→ **HOW TO COMPLETE THIS TASK**:
Excluding pictures, reproduce word for word the lines from the one containing "thumbnail - Volantino" through the end of the material below.

→ **DATA**:
━━━
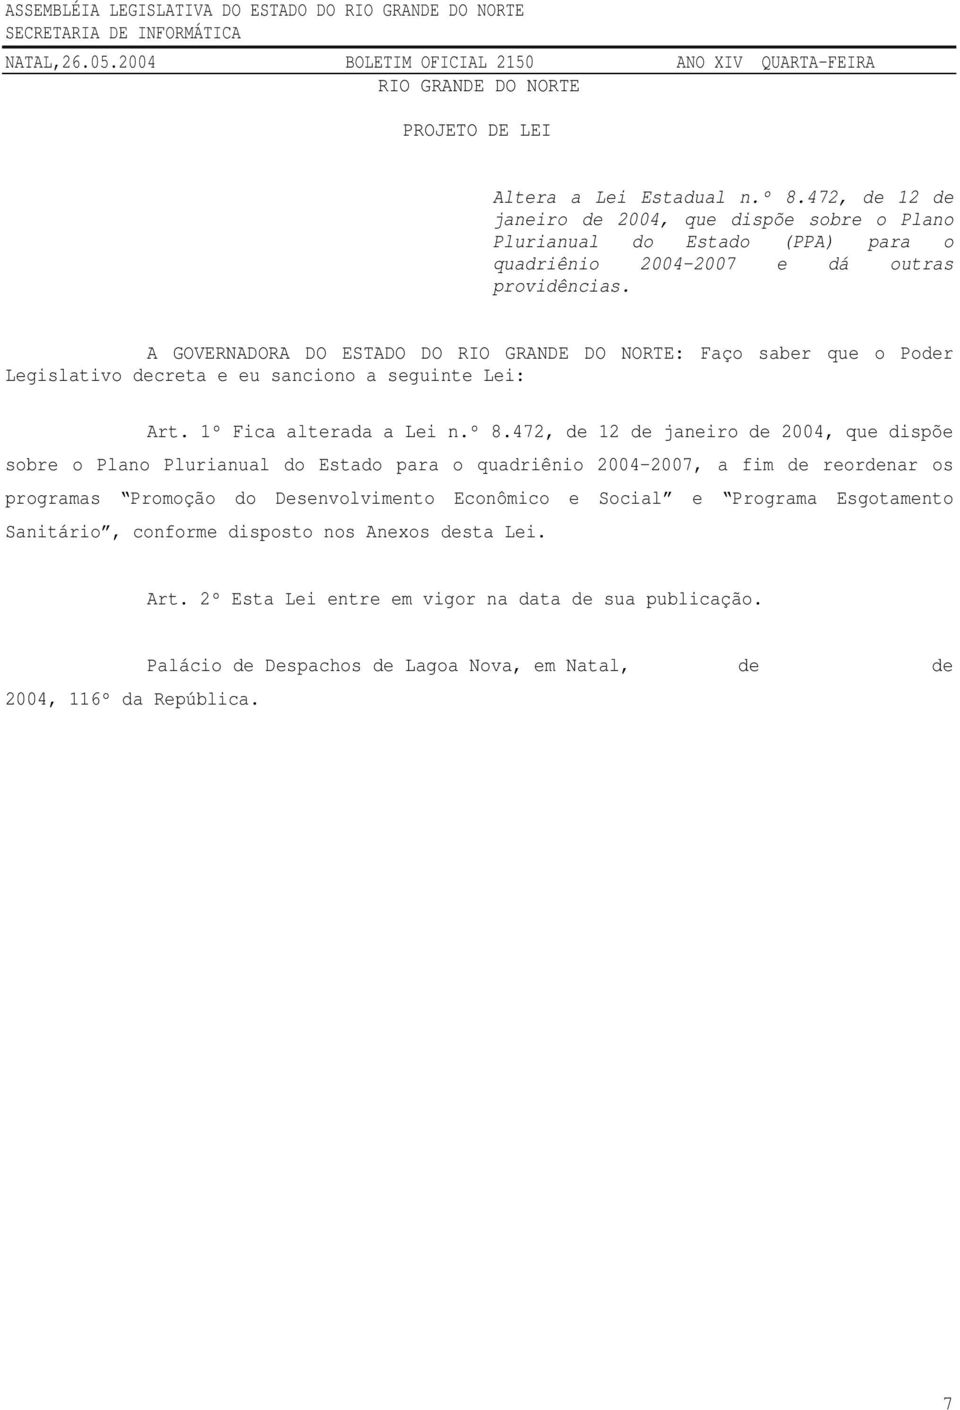 A GOVERNADORA DO ESTADO DO RIO GRANDE DO NORTE: Faço saber que o Poder Legislativo decreta e eu sanciono a seguinte Lei: Art. 1º Fica alterada a Lei n.º 8.
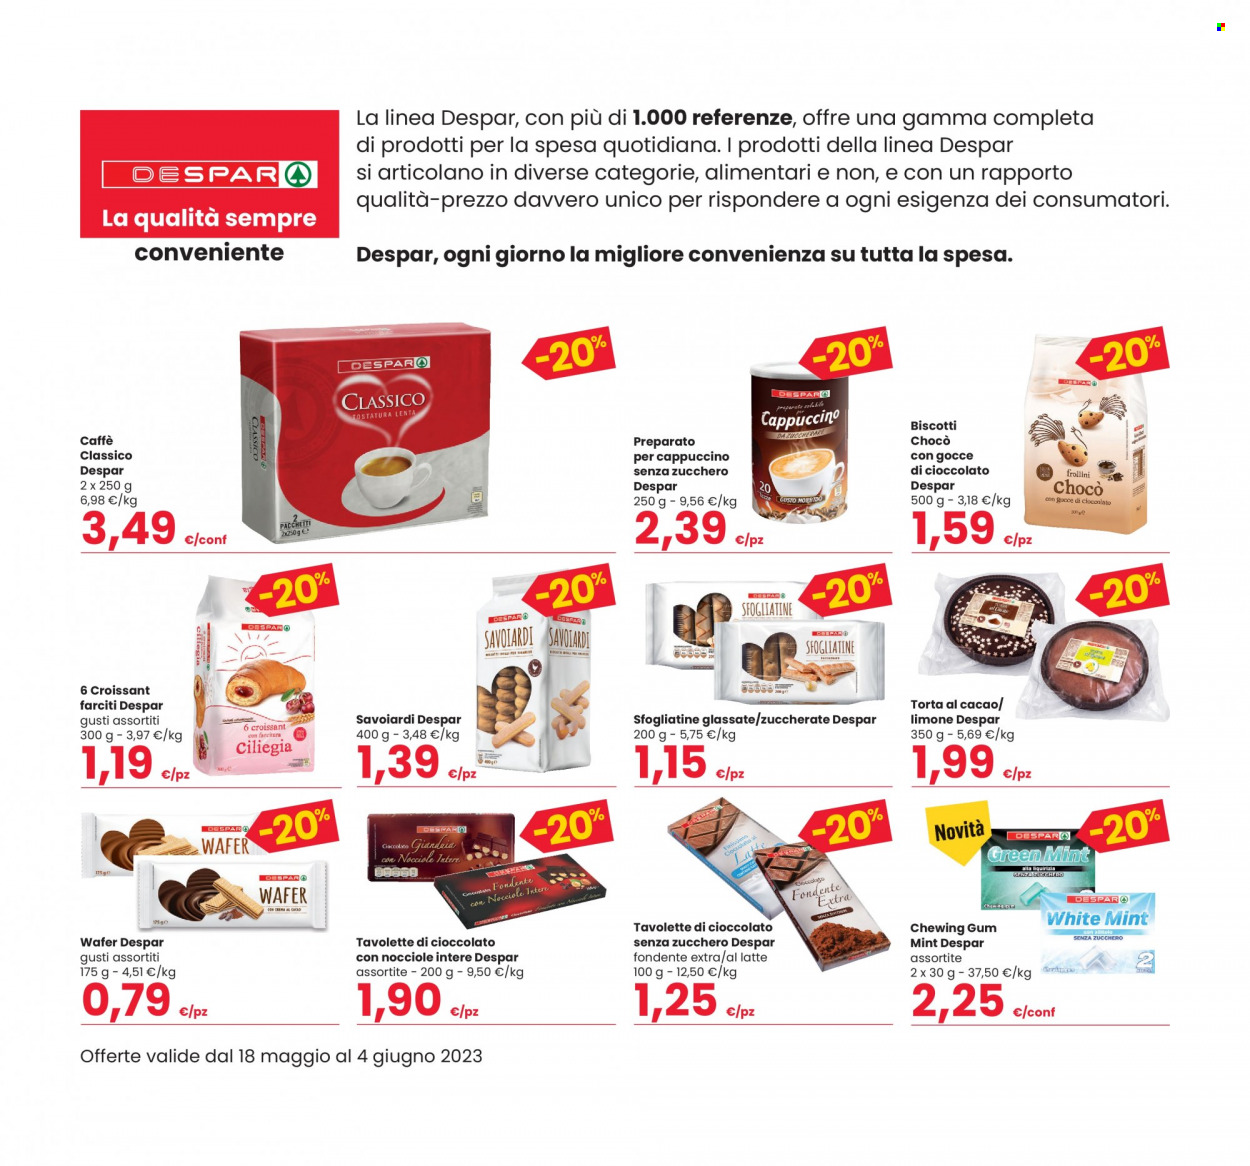 thumbnail - Volantino Eurospar - 18/5/2023 - 4/6/2023 - Prodotti in offerta - croissant, savoiardi, torta, biscotti, wafer, chewing gum, tavoletta di cioccolato, caffè. Pagina 10.
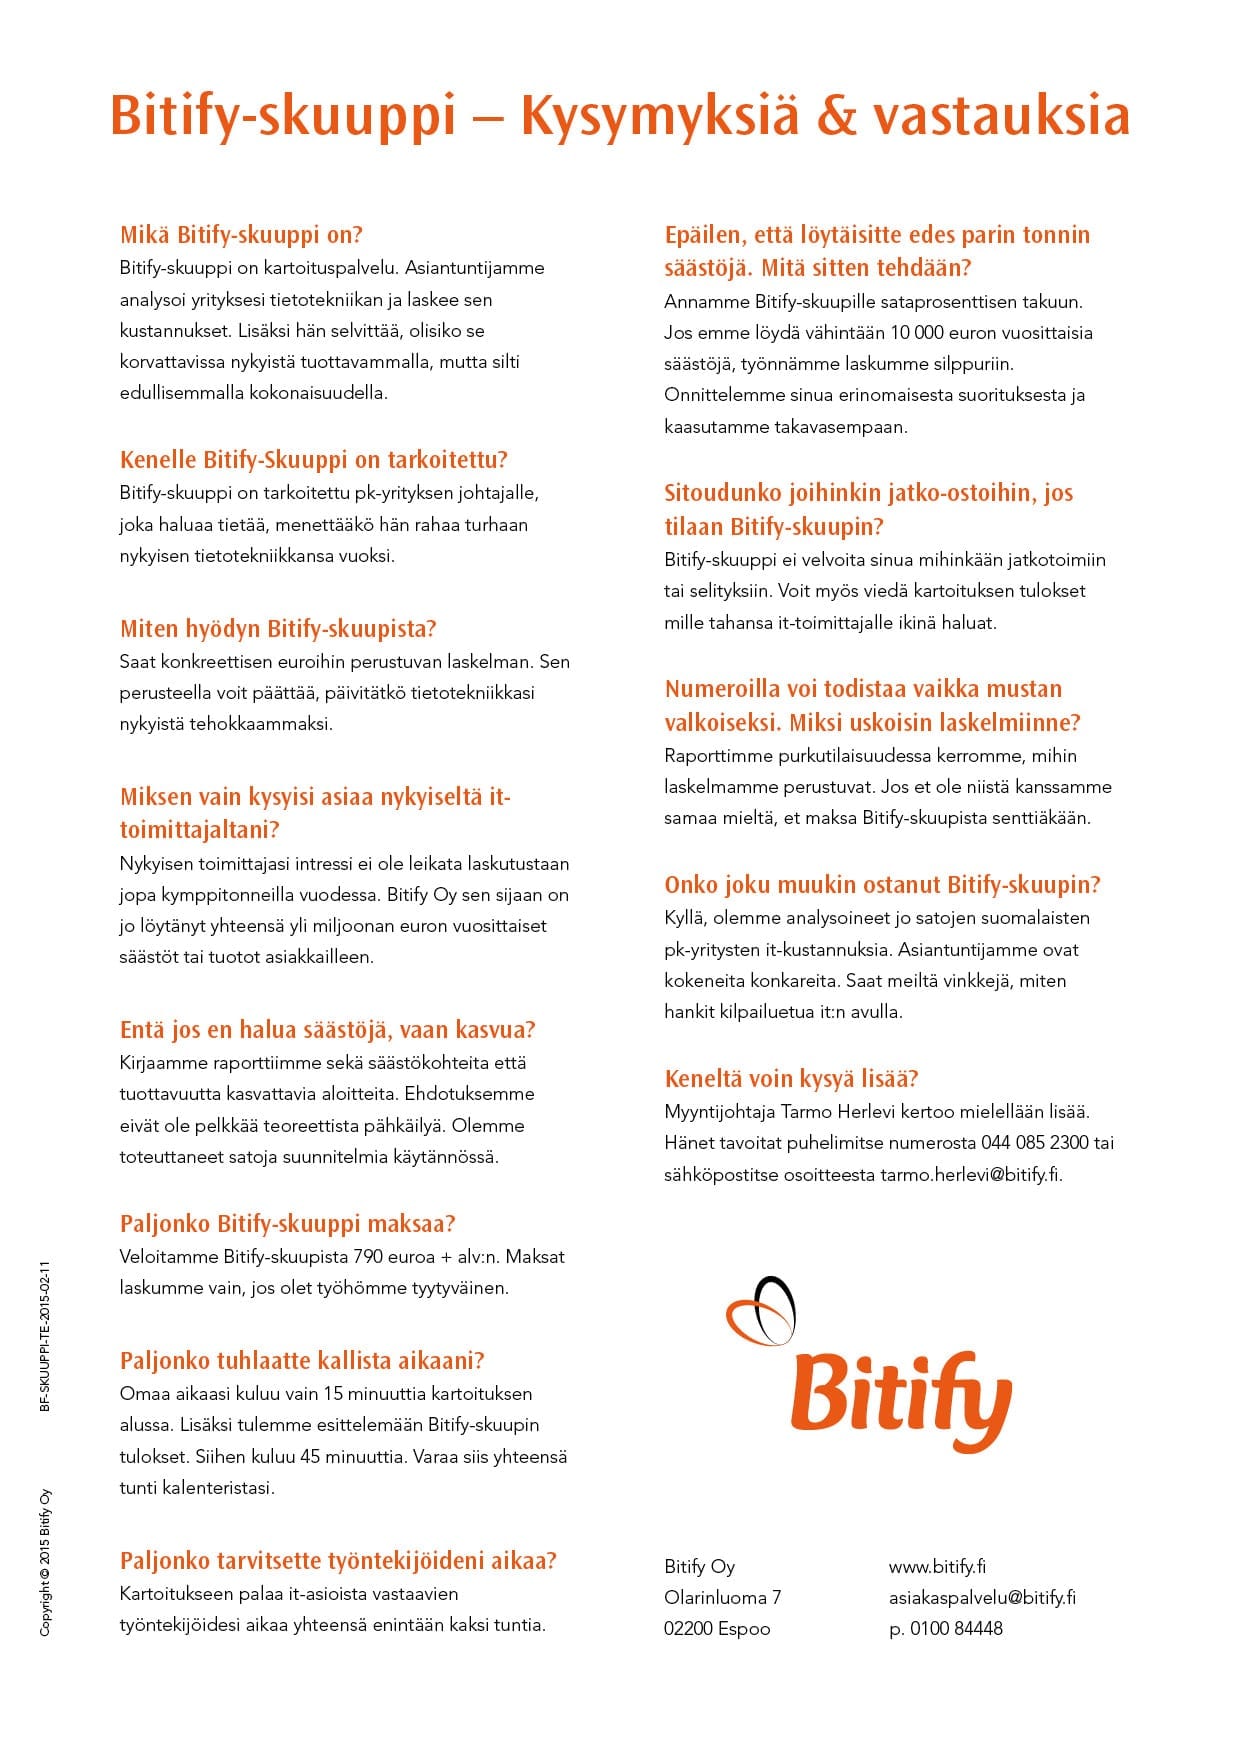 Bitify-skuuppi-esite, sivu 4
━━━
→ **EXERCISE RESULT**:
 thumbnail - Volantino Eurospar - 18/5/2023 - 4/6/2023 - Prodotti in offerta - croissant, savoiardi, torta, biscotti, wafer, chewing gum, tavoletta di cioccolato, caffè. Pagina 10.
 Bitify-skuuppi-esite, sivu 4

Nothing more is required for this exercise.